→ **Assigned task**:
Return the following from the records below: each line, word for word, starting with the line that contains "Here's a Method" and going on through the line that contains "Bride and Groom", with nothing outside that range.

→ **Material for the task**:
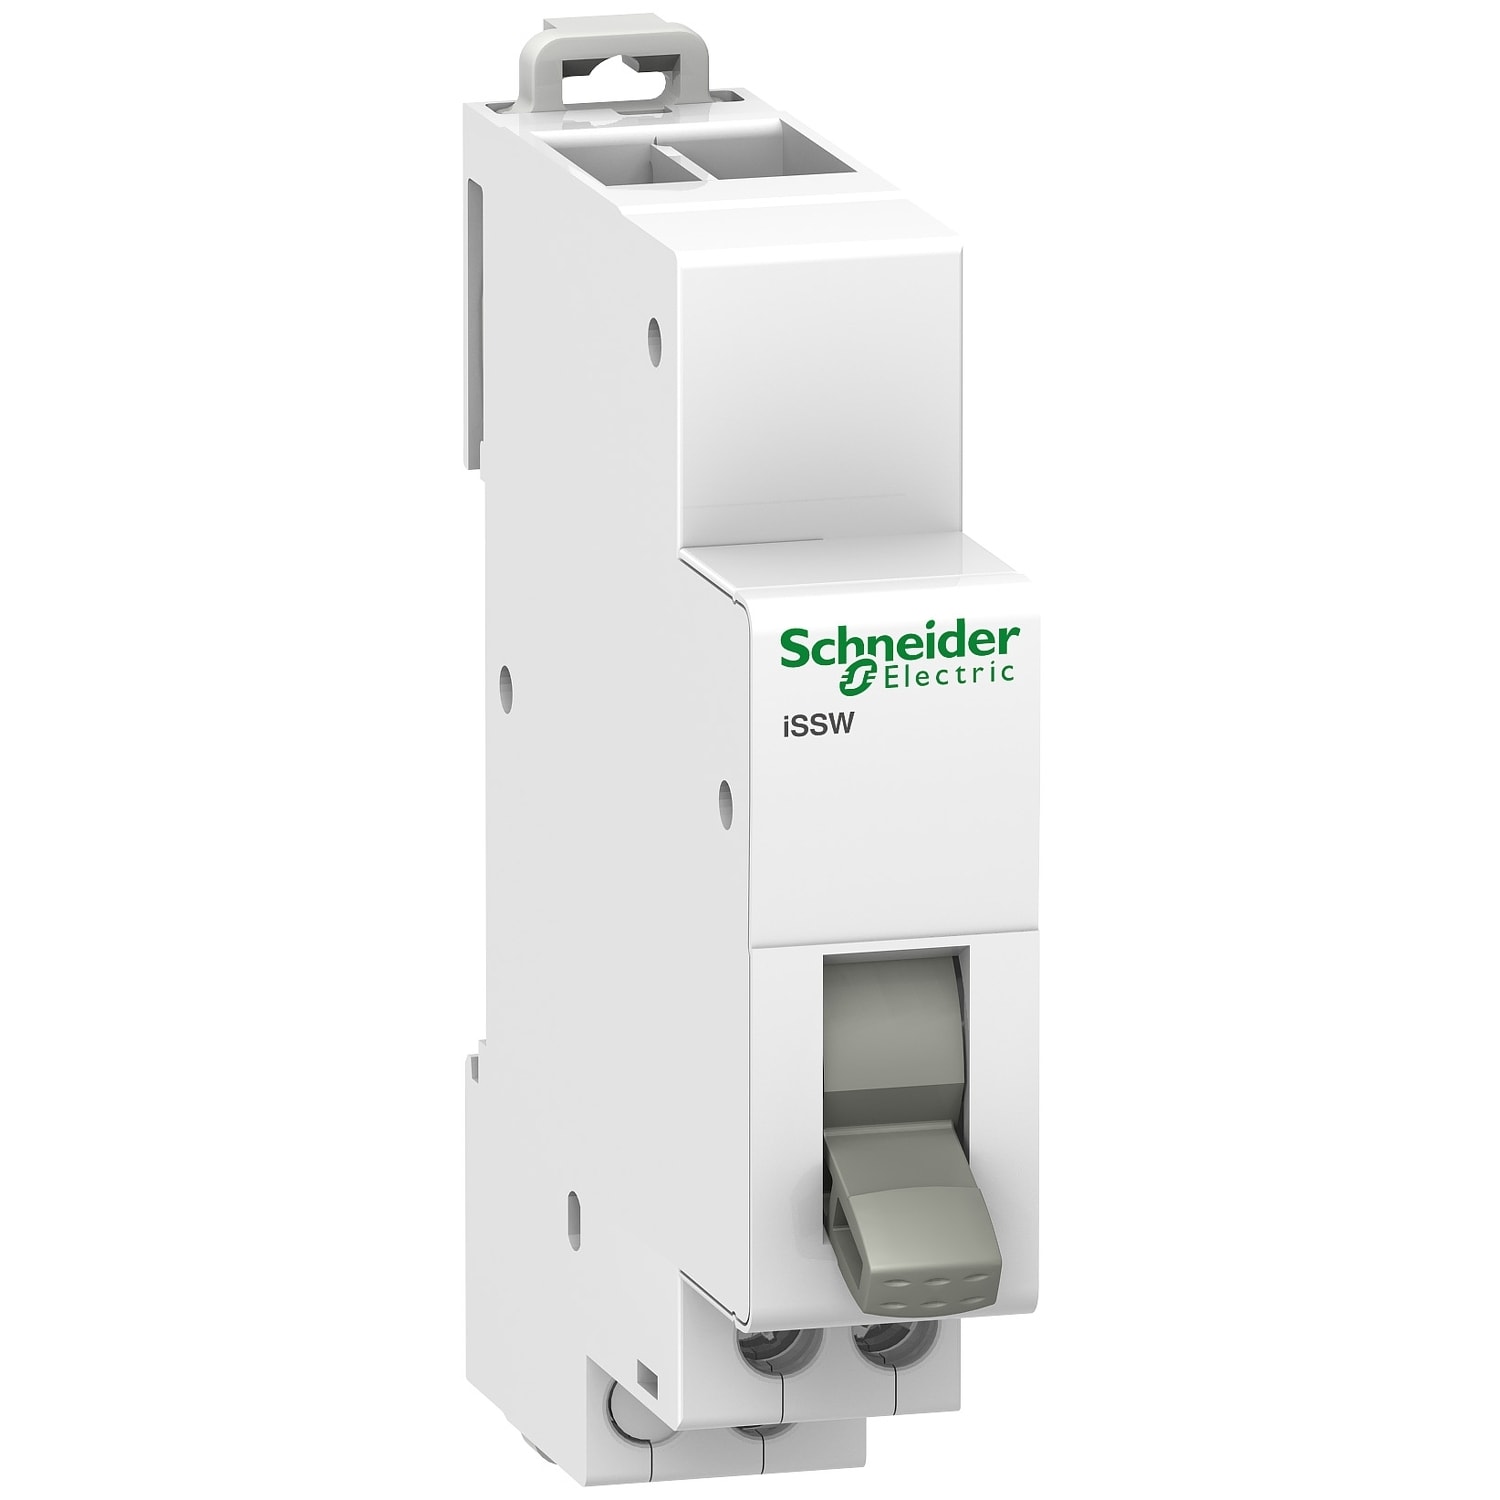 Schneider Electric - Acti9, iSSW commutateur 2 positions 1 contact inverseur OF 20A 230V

---

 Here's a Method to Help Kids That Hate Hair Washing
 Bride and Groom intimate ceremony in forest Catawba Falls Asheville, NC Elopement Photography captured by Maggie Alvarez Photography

...

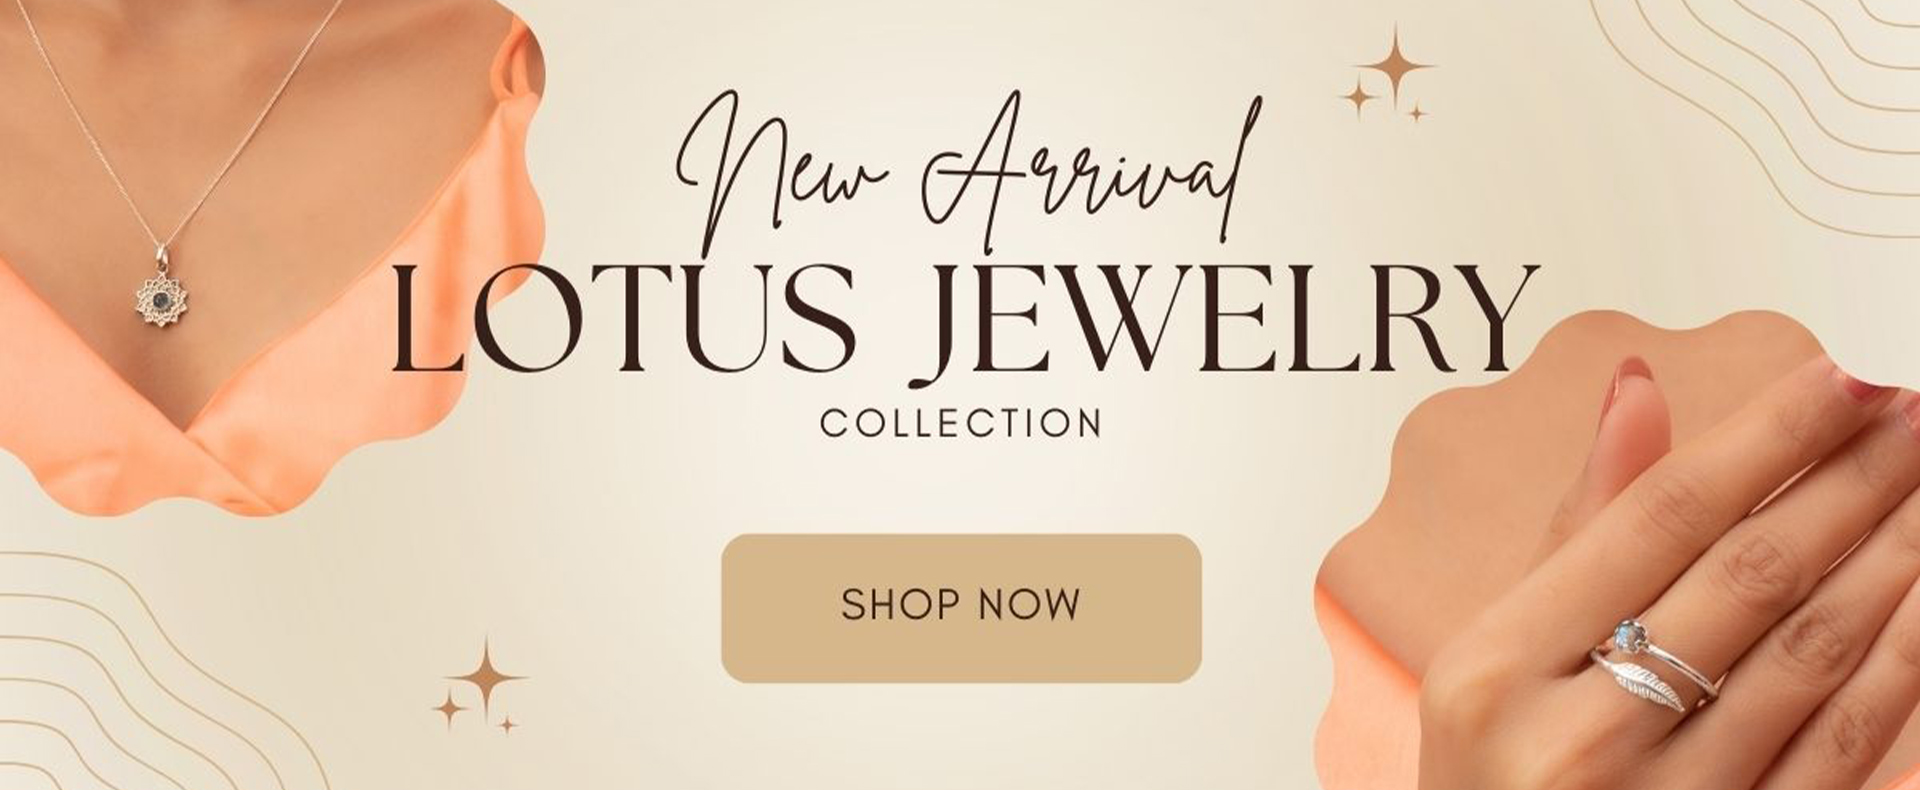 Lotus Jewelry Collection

→ **Answer to the problem**:
 Here's a Method to Help Kids That Hate Hair Washing
 Bride and Groom intimate ceremony in forest Catawba Falls Asheville, NC Elopement Photography captured by Maggie Alvarez Photography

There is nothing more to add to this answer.